__What is being asked__.
Transcribe the lines below verbatim, skipping the images.

__Data provided__.

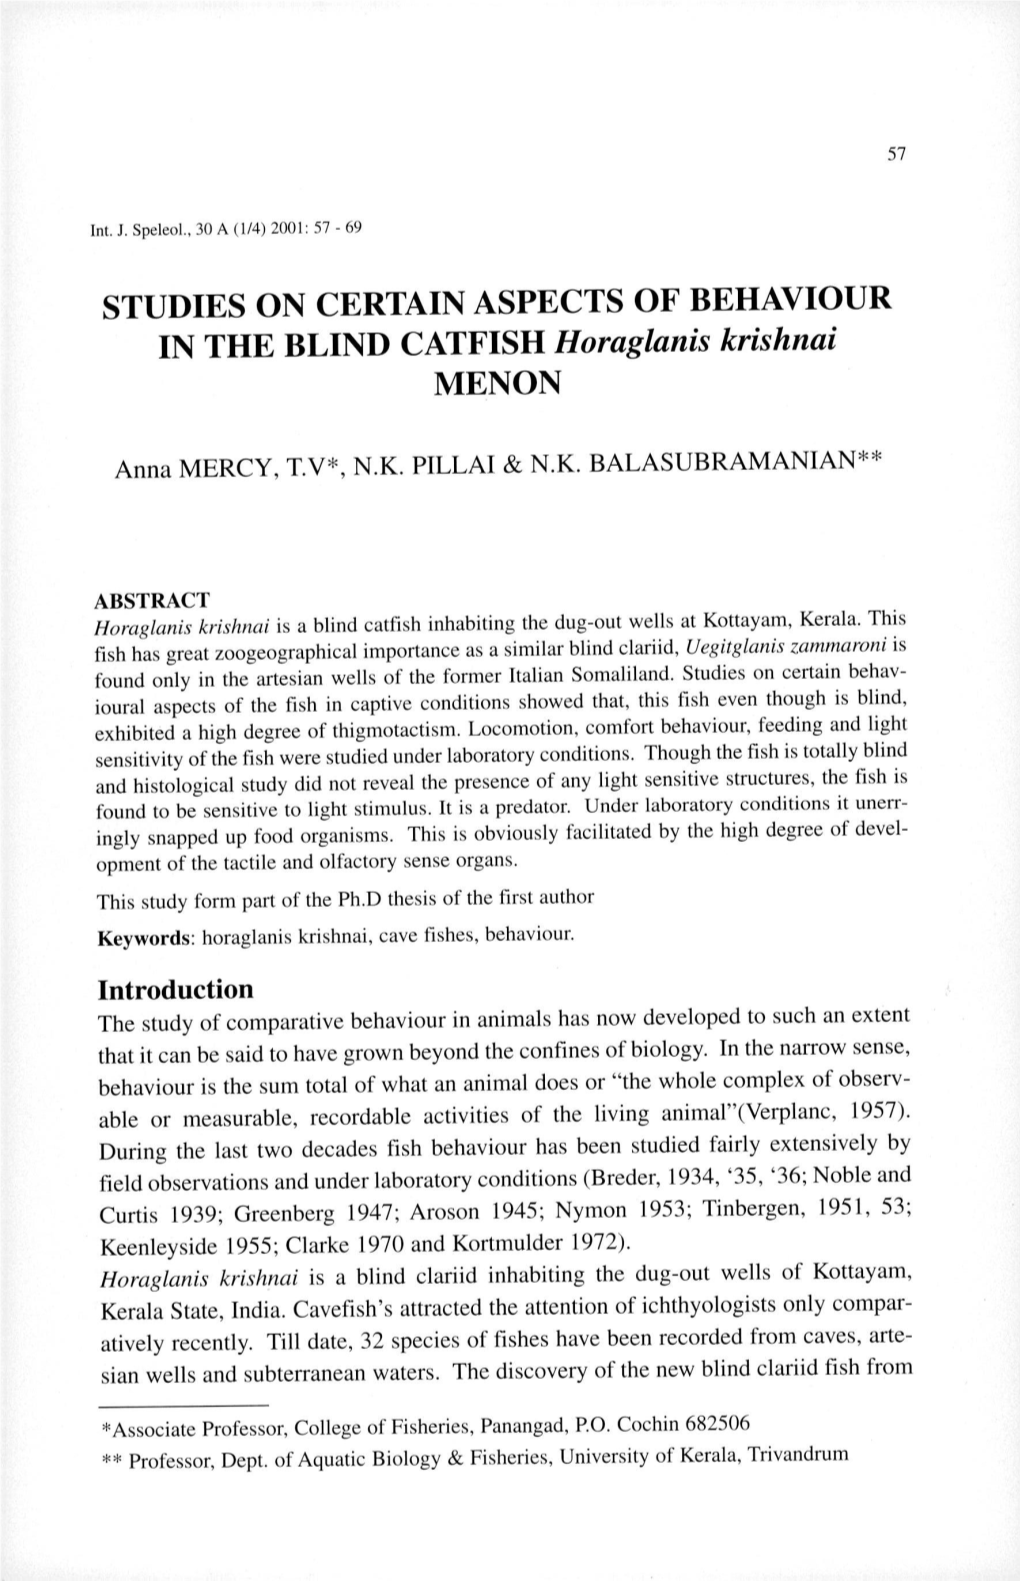 Studies on Certain Aspects of Behaviour in the Blind Catfish &lt;Em
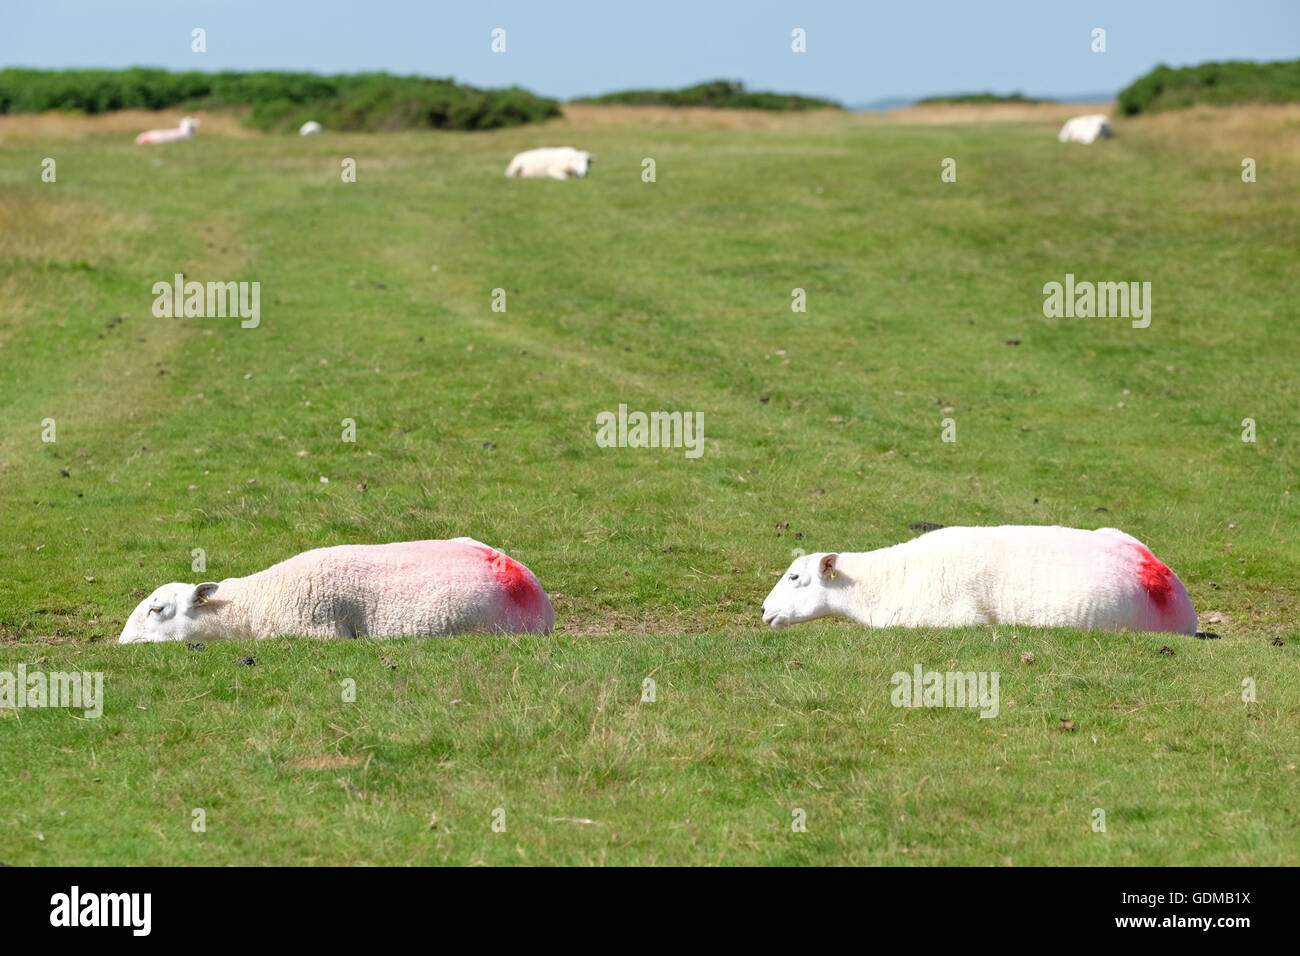 Hergest Ridge, Herefordshire, UK - Juli 2016 - Schafe versuchen zu bewältigen das sehr heiße Wetter hoch oben auf Hergest Ridge (426 m Höhe) mit der Verlegung in einem flachen Sprung. Lokale Temperatur von 30 ° c werden der heißeste Tag des Jahres so weit erwartet. Der Grat überspannt die Grenze zwischen Herefordshire und Powys, England und Wales. Stockfoto
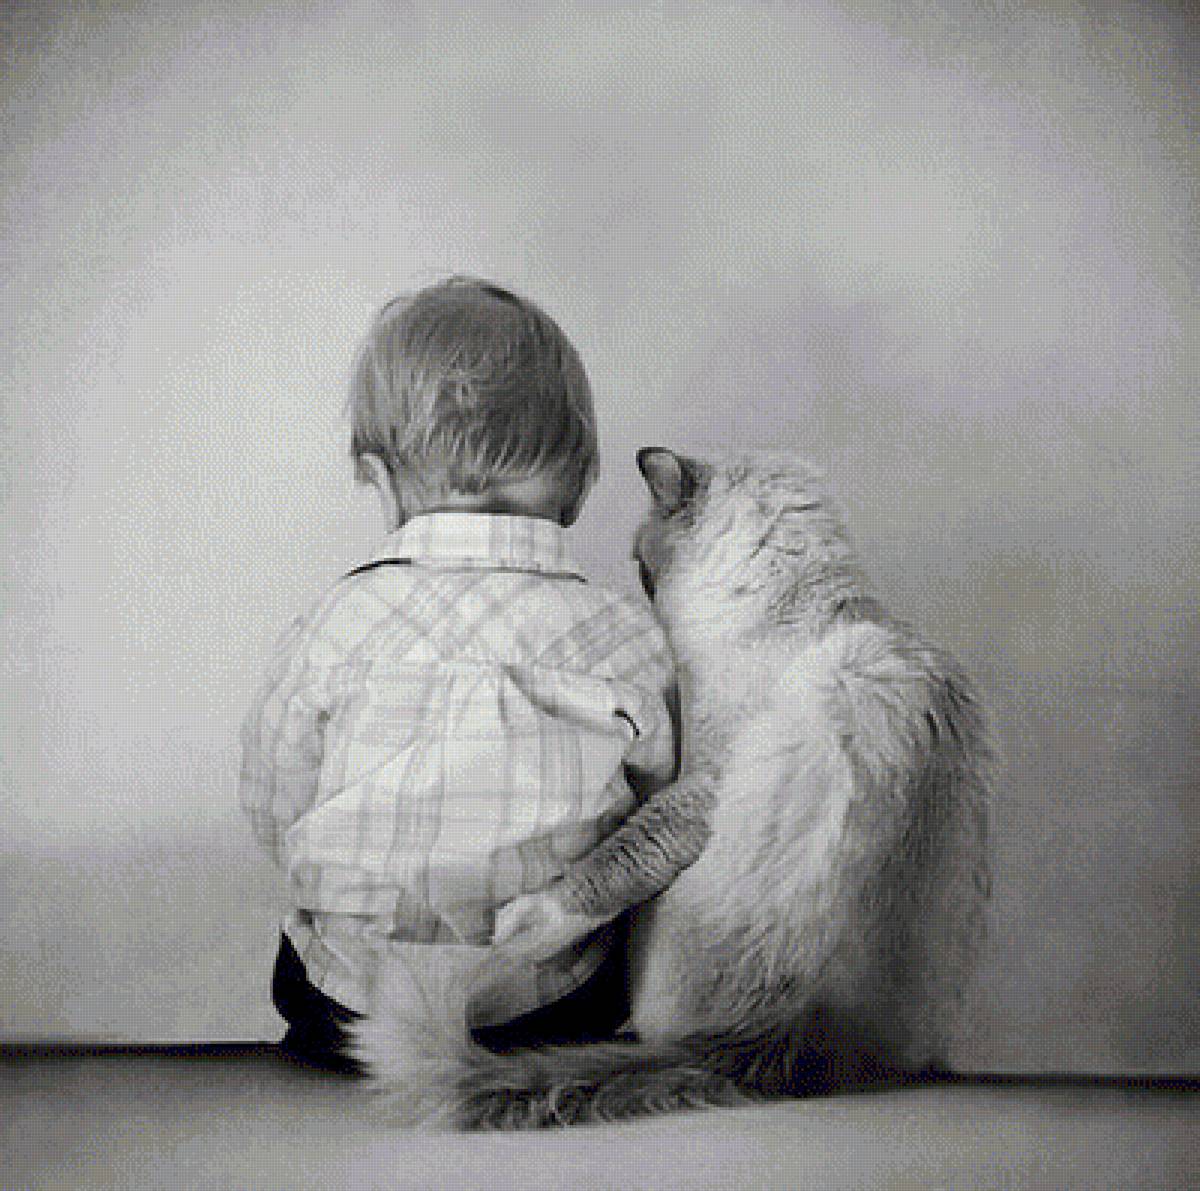 Тоже счастье. Ребенок обнимает кота. Мальчик обнимает кота. Добрые объятия. Поддержка в трудную минуту.

__Response to this task__.
 Studies on Certain Aspects of Behaviour in the Blind Catfish &lt;Em
 Hergest Ridge, Herefordshire, UK - Juli 2016 - Schafe versuchen zu bewältigen das sehr heiße Wetter hoch oben auf Hergest Ridge (426 m Höhe) mit der Verlegung in einem flachen Sprung. Lokale Temperatur von 30 ° c werden der heißeste Tag des Jahres so weit erwartet. Der Grat überspannt die Grenze zwischen Herefordshire und Powys, England und Wales. Stockfoto
 Тоже счастье. Ребенок обнимает кота. Мальчик обнимает кота. Добрые объятия. Поддержка в трудную минуту.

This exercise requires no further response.